◆ **Provided data**:
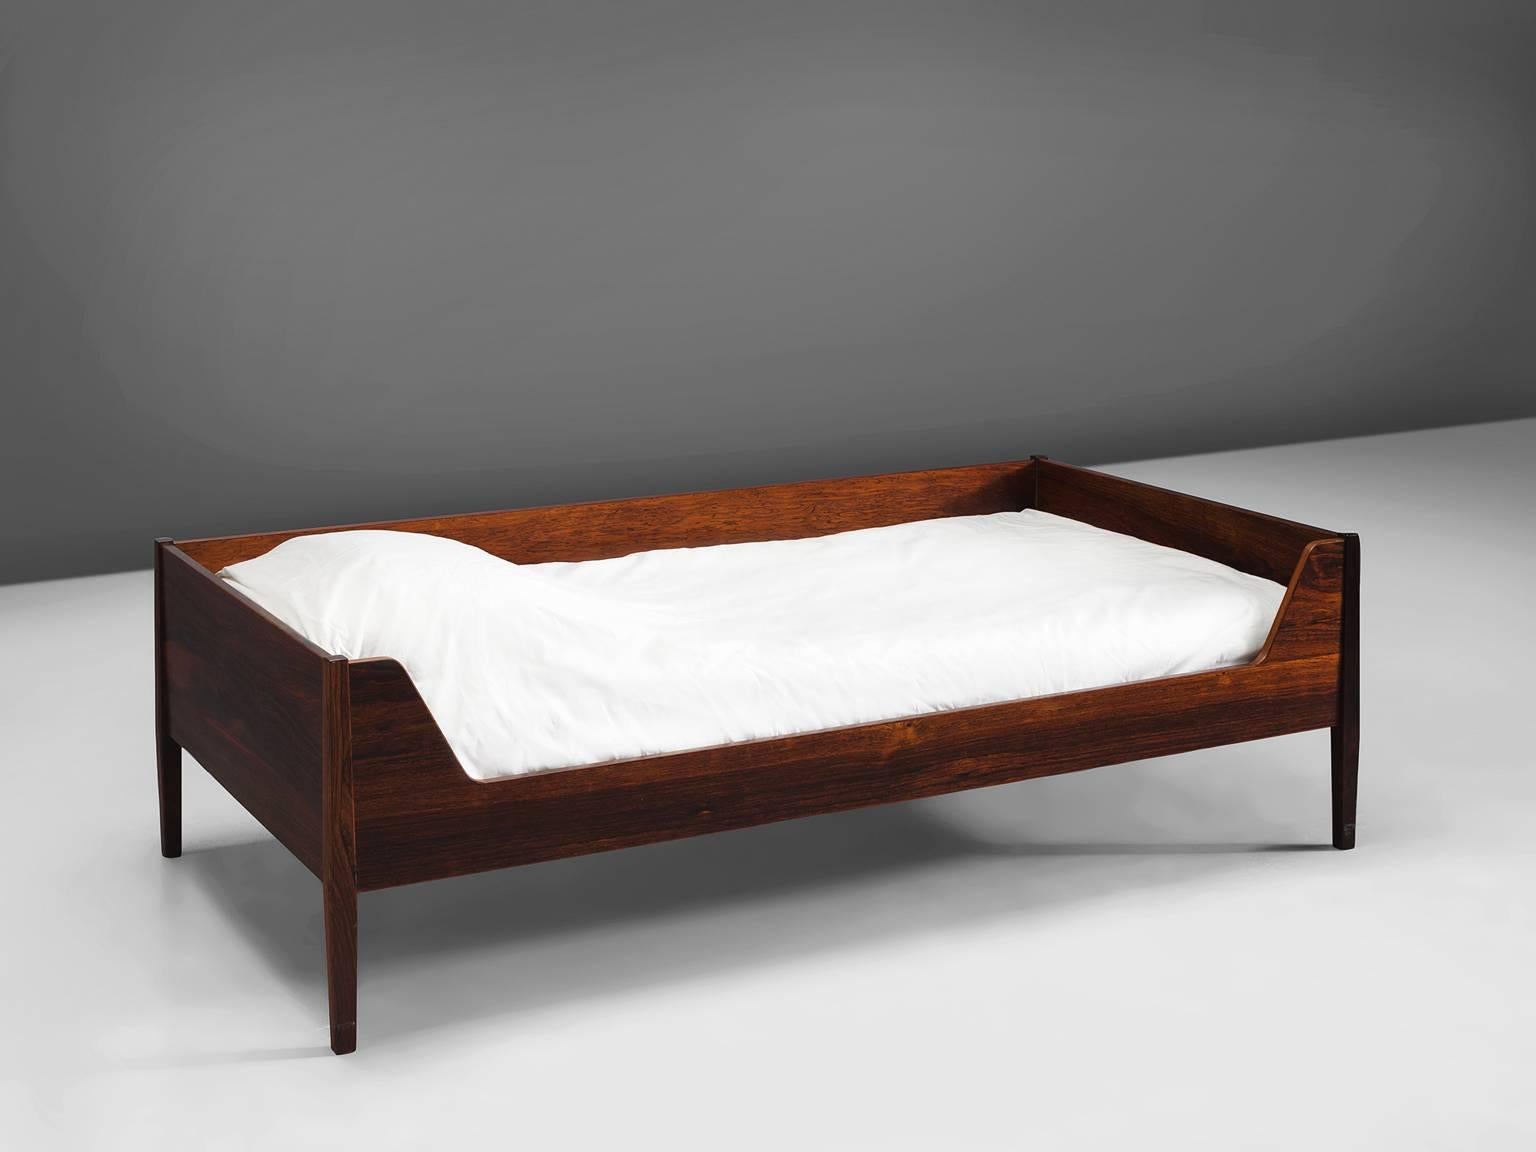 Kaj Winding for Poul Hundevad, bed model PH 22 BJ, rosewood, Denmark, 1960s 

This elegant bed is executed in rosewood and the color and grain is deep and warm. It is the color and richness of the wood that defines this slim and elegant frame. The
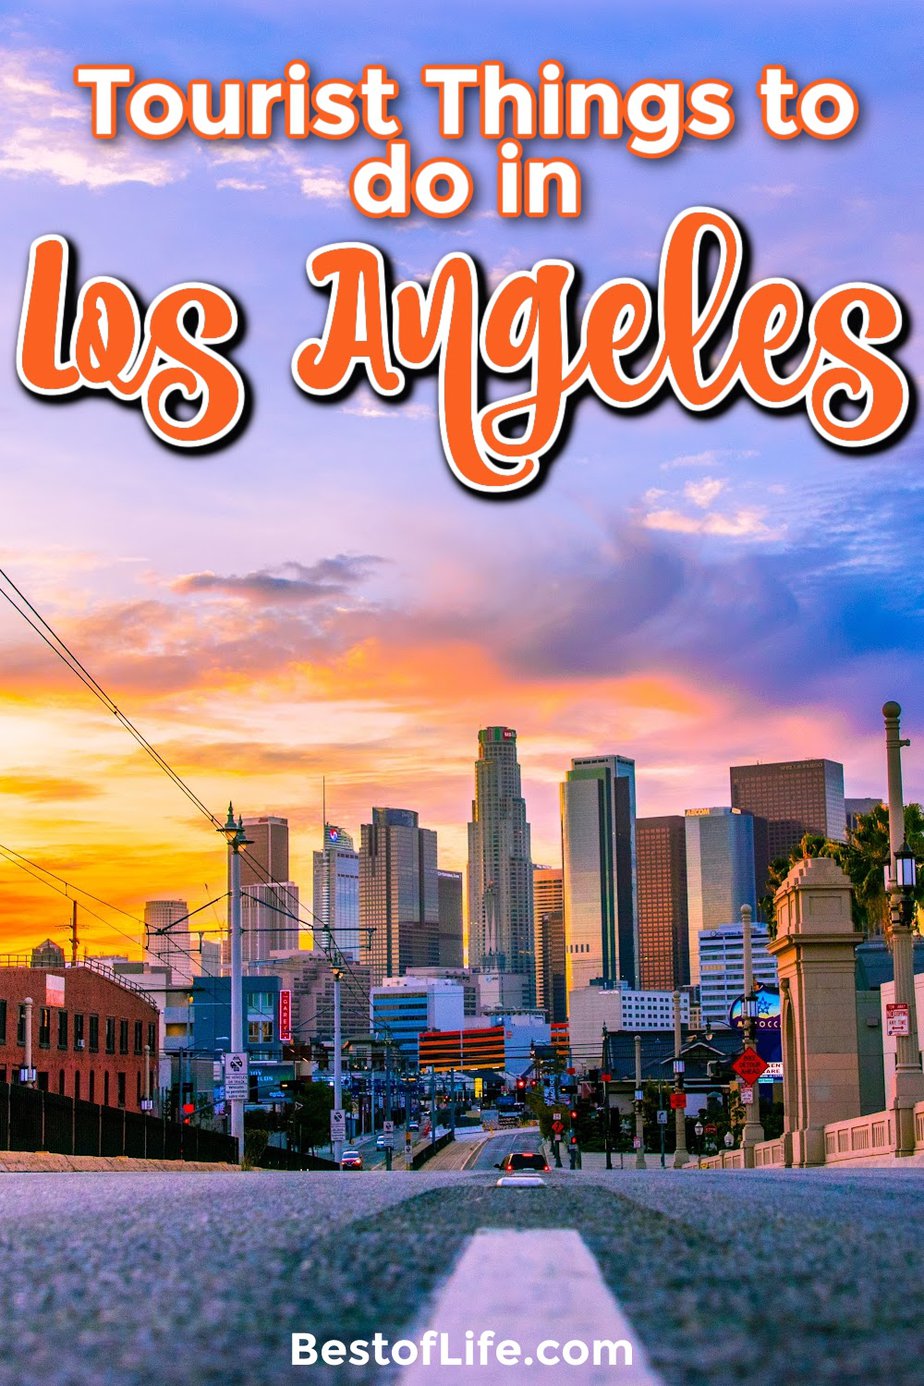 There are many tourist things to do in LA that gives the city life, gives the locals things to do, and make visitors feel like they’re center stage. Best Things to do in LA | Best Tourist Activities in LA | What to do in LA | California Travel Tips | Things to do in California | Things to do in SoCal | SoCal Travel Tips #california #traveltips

◆ **Activity**: The reply must hold every line above exactly as written and none of the pictures.

◆ **Response below**:
 Kaj Winding for Poul Hundevad, bed model PH 22 BJ, rosewood, Denmark, 1960s 

This elegant bed is executed in rosewood and the color and grain is deep and warm. It is the color and richness of the wood that defines this slim and elegant frame. The
 There are many tourist things to do in LA that gives the city life, gives the locals things to do, and make visitors feel like they’re center stage. Best Things to do in LA | Best Tourist Activities in LA | What to do in LA | California Travel Tips | Things to do in California | Things to do in SoCal | SoCal Travel Tips #california #traveltips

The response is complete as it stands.